Expectation of inverse of sum of positive iid variables

Question

Let $(X_i)_{i}$ be a sequence of iid positive variables of mean 1 and variance $\sigma^2$. Let $\bar{X}_n = \frac{\sum_{i=1}^n X_i}{n}$.

My question is: Can we can bound $\mathbb{E}(1/\bar{X}_n)$ as a function of $\sigma$ and $n$?

There seems to be some strategy that may work based on the taylor extension, but

• I'm not sure about the hypothesis that need to be met;
• if it works in this case; and
• if we can say something definite on $\bar{X}_n$ or if we need to use the central limit theorem and can only say this for the normal approximation?

More details about the Taylor expansion. According to this wikipedia article, $$\mathbb{E}(f(X)) \approx f(\mu_X) +\frac{f''(\mu_X)}{2}\sigma_X^2$$

So in my case it would give something like: $$\mathbb{E}(1/\bar{X}_n) \approx 1 +\frac{\sigma^2}{4 n}$$ I'm trying to find maybe a formal proof of a similar result, or hypothesis so that it works. Maybe references? Thanks

EDIT: if needed, we can consider that the $(X_i)_i$ are discrete, there exists $v_1<\cdots<v_K$ such that $\mathbb{P}(X=v_k)=p_k$ and $\sum p_k = 1$. In this case we know that $\bar{X}_n \geq v_1$. Although I believe something can be said in the general case.

PS: this is almost a cross-post of this on Math.SE.

Answer 1

You cannot bound that expectation in $\sigma, n$. That's because there is the distinct possibility that the expectation do not exist at all (or, is $\infty$.) See I've heard that ratios or inverses of random variables often are problematic, in not having expectations. Why is that?. If the conditions given there is fulfilled for the density of $X_1$, it will so be for the density of $\bar{X}_n$. If densities do not exist, but probability mass functions do, it is simpler, since your assumptions prohibit a probability atom at zero, but a probability density can still be positive at zero even if $P(X >0)=1$.
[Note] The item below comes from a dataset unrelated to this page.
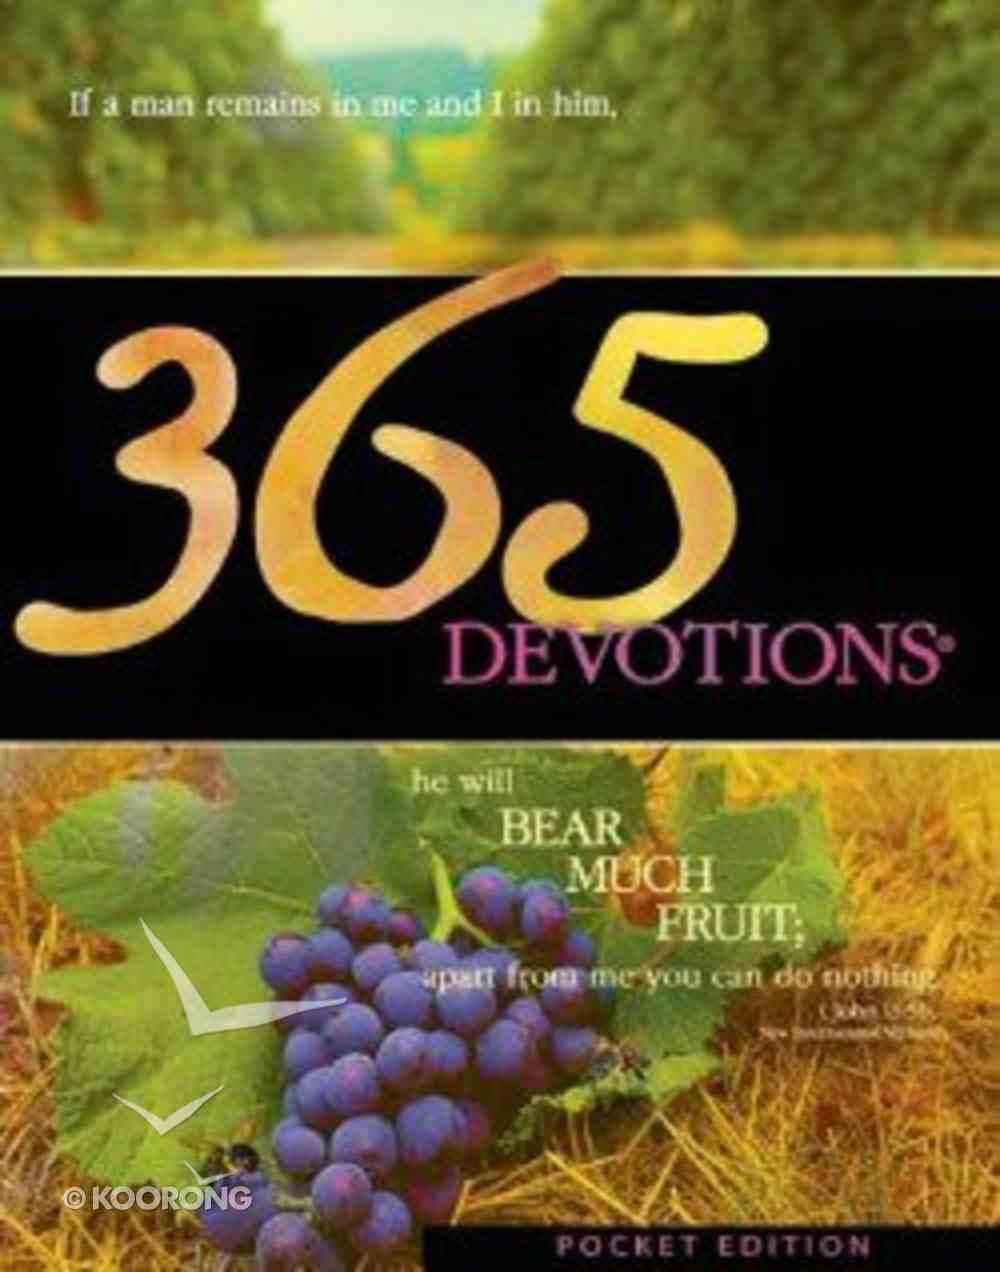 365 Devotions (2005 Pocket Edition) Paperback

For a useful bound you will at least need to restrict the common distribution of $X_1, \dotsc, X_n$ much more.

EDIT

After your new information, and with $v_1>0$, the expectation of $1/\bar{X}_n$ certainly will exist (irrespective if $K$ is finite or not.) And, since the function $x\mapsto 1/x$ is convex for $x>0$, we can use the Jensen Inequality to conclude that $\DeclareMathOperator{\E}{\mathbb{E}}\E 1/\bar{X}_n \ge 1/\E \bar{X}_n$.

Answer 2

I think I have the gist of it. Given that $f(x)=1/x$ is infinitely differentiable in 1. Taylor's theorem tells us:

There exists $\varepsilon>0$ such that $f(x) = f(1) + f'(1) (x-1)+ \frac{f''(1)(x-1)^2}{2} + \frac{f'''(\varepsilon) (x-1)^2}{2}$.

In our case, if $X_i$ belongs in the domaine $[v_1;+\infty[$, then $\bar{X}_n$ has the same domain and we have $\varepsilon \geq v_1$.

Hence $\mathbb{E}(1/\bar{X}_n) = \mathbb{E}\left (1 - (\bar{X}_n-1) + \frac{(x-1)^2}{4}+ \frac{f'''(\varepsilon) (\bar{X}_n-1)^2}{2} \right)$, and \begin{align*} \mathbb{E}(1/\bar{X}_n) &= 1 + \frac{f'''(\varepsilon) \mathbb{E}\left ((\bar{X}_n-1)^2\right )}{2} = 1 +\frac{ V(\bar{X}_n)}{4} - \frac{ V(\bar{X}_n)}{12 \varepsilon^4}\\ \end{align*} and hence $$1 + \frac{ \sigma^2}{4 n}- \frac{\sigma^2}{12 v_1^4 n} \leq \mathbb{E}(1/\bar{X}_n) \leq 1 + \frac{ \sigma^2}{4 n}.$$

For the case where $X_i$ do not admit a minimum but has an unlimited number of moments, one can do a similar transformation using the full taylor expansion:

\begin{align*} \mathbb{E}(1/\bar{X}_n) &= \sum_{i=0}^{+\infty} \frac{f^{(i)}(1)}{i!}\mathbb{E}\left((\bar{X}_n-1)^i\right)\\ &= \sum_{i=0}^{+\infty} \frac{(-1)^i}{i!i!}\mathbb{E}\left((\bar{X}_n-1)^i\right) \end{align*}

Now if we can say something about the $k^{th}$ moment of $\tilde{X}_n$ being $O(1/n^{k/2})$ this validates that $\mathbb{E}(1/\bar{X}_n) \approx 1 + \frac{ \sigma^2}{4 n}$.